Зазвонил телефон. Я сорвал трубку жестом рыбака, подсекающего леску. Это был Жюль Осборн.
— Мистер Скотт? Что происходит? Вы видели газеты? Ночью мне звонила Диана. Она была пьяна. Кошмар какой-то! И я не понимаю... это просто...
— Не делайте поспешных выводов. Да, я видел газеты. Что вам, собственно, от меня надо?
— Но я... — Он запнулся. — Вполне естественно, что я обеспокоен. Я...
— Послушайте, мистер Осборн, — жестко сказал я. — У меня была очень тяжелая ночь. Я отдаю себе отчет во всем, что происходит. Я вышел на нужный след. Расслабьтесь! Почитайте пока газеты.
Я еще немного послушал его тарахтенье в трубке, потом сказал:
— Нет, я не называл ваше имя полиции. И не назову. Никто ничего не знает о вашем деле. Кроме того, я не веду ни записей, ни отчетов, ничего такого.
— Но Диана — она так расстроена! Что, если... — волновался мой клиент.
— Я поговорю с Дианой, — прервал я его. — Пошепчусь с ней на ушко. Она не будет больше вас беспокоить. До свидания. — Я повесил трубку. У меня не было никакого настроения вести светские беседы.

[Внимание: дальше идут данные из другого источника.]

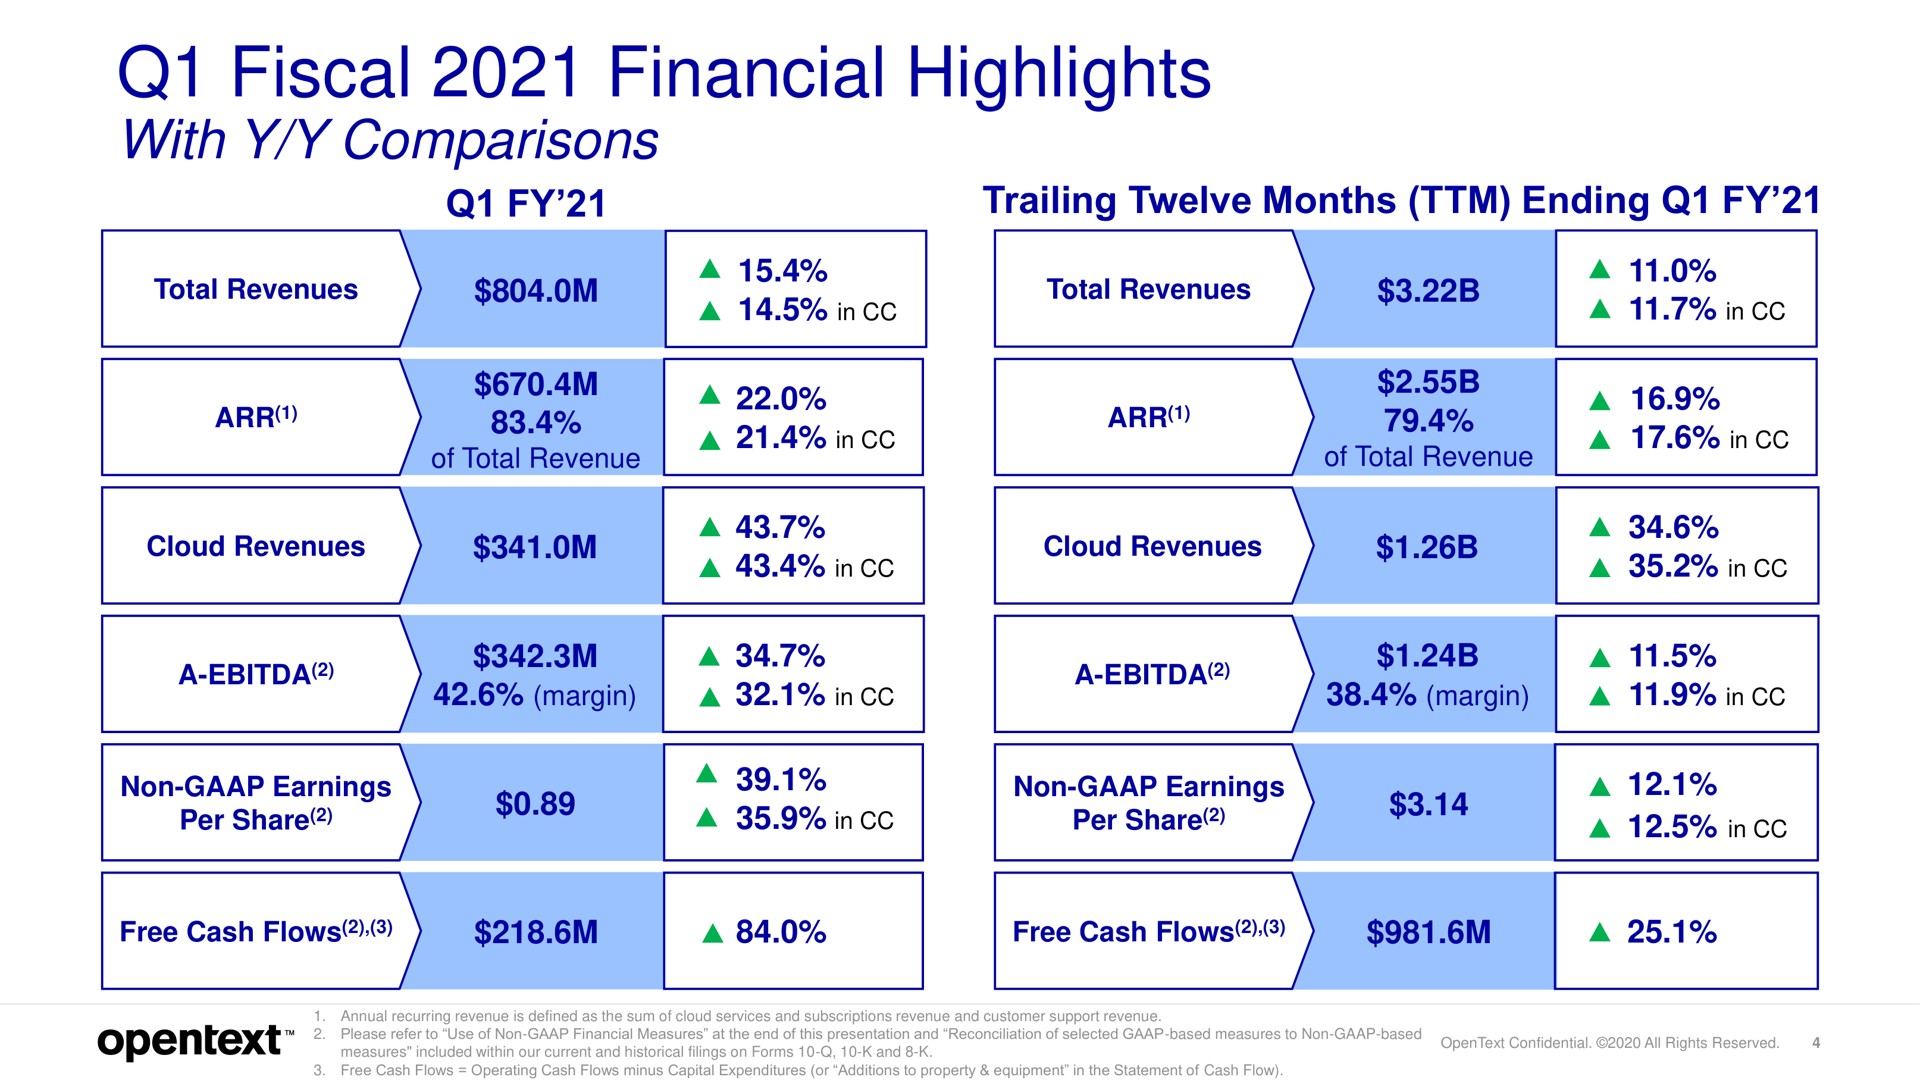 fiscal financial highlights with comparisons | OpenText

Я был решительно не в форме. За всю ночь мне удалось поспать часа полтора — плюс отключения сознания в «Обители Зефира» и за рулем «кадиллака», которые не в счет. Челюсть у меня ныла, правый глаз почти совсем закрылся, а я сам разгуливал средь бела дня в идиотском смокинге. Мой «кадиллак» забрали на лабораторные исследования и отдадут только во второй половине дня. Так что я вышел из офиса, поймал такси и приказал водителю отвезти меня в Голливуд к отелю «Спартан».

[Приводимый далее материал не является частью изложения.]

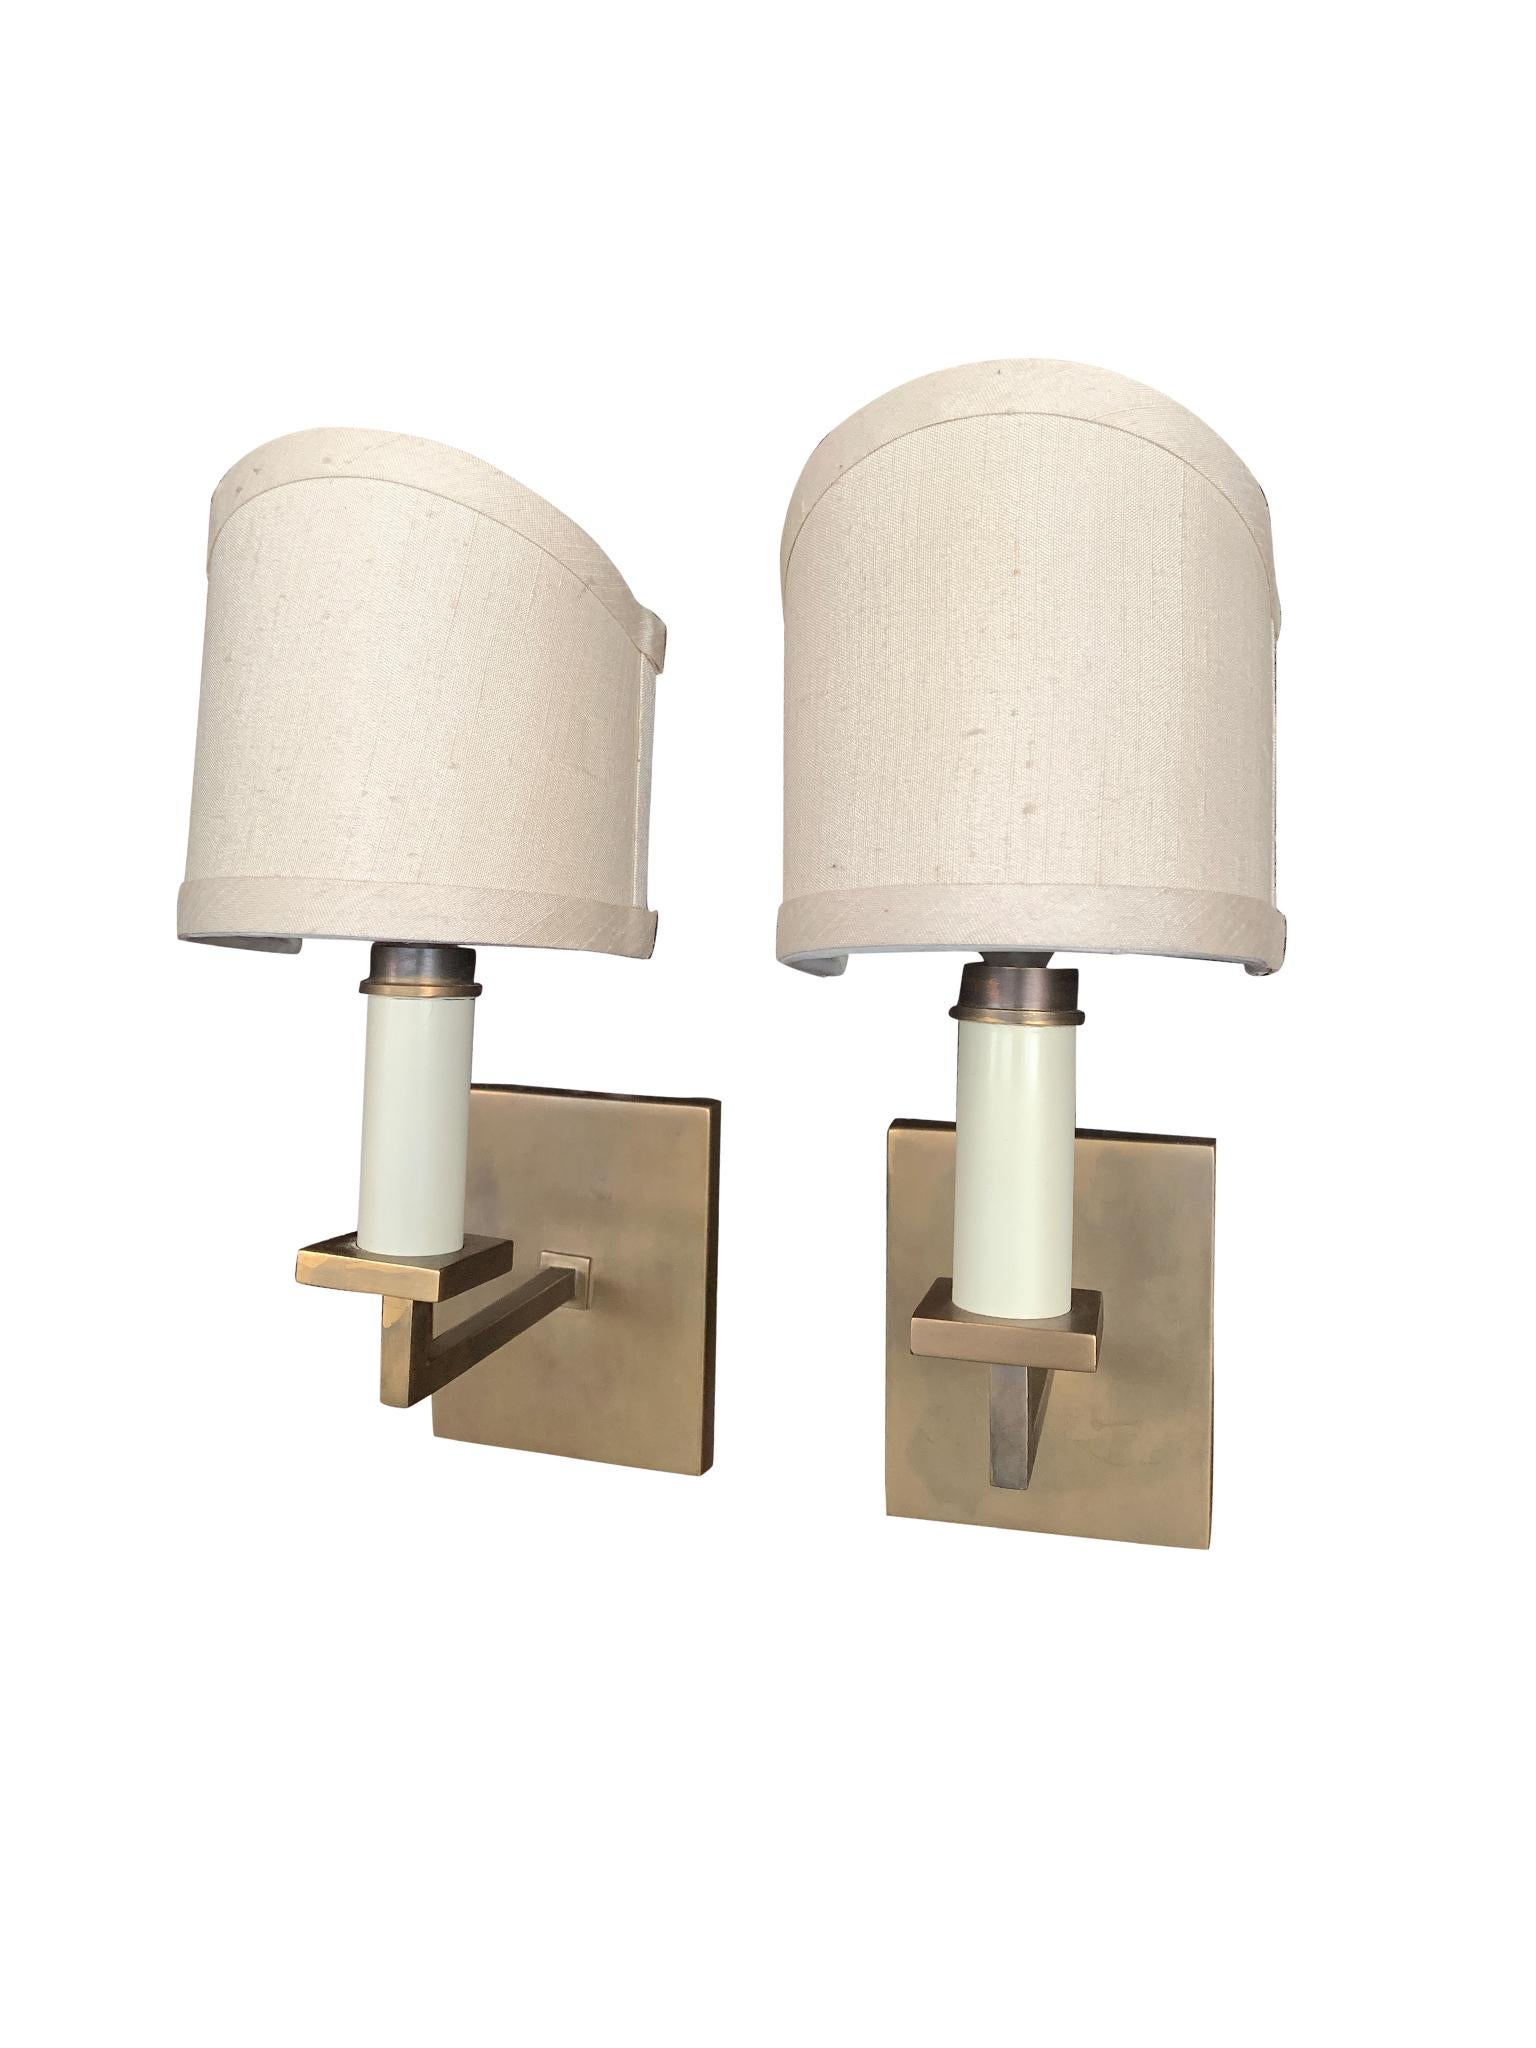 We love the simplicity of these sconces, made in the 1940s in France. They are brass with candelabra-style sockets. The shades are a recent addition. They have an elegant shield structure and are comprised of silk with a resin backing. These sconces

Дом Дианы был по пути, и я велел шоферу подождать, а сам поднялся к двери и позвонил. Она так долго не открывала, что я уже решил, что ее нет дома. Наконец за дверью послышалось шарканье неверных шагов, дверь отворилась, и на меня уставился налитый кровью голубой глаз из-под рыжей пряди. Радостных криков сегодня не наблюдалось.
— А... — промямлила она. — Это ты.
— Это я. Я заскочил, чтобы выразить свое сожаление по поводу прошедшей ночи.
— Сожаление?! — возмутилась она.
— Сэмсон отвез тебя домой?
— Этот старик?
— Не такой уж и старик, — обиделся я за друга.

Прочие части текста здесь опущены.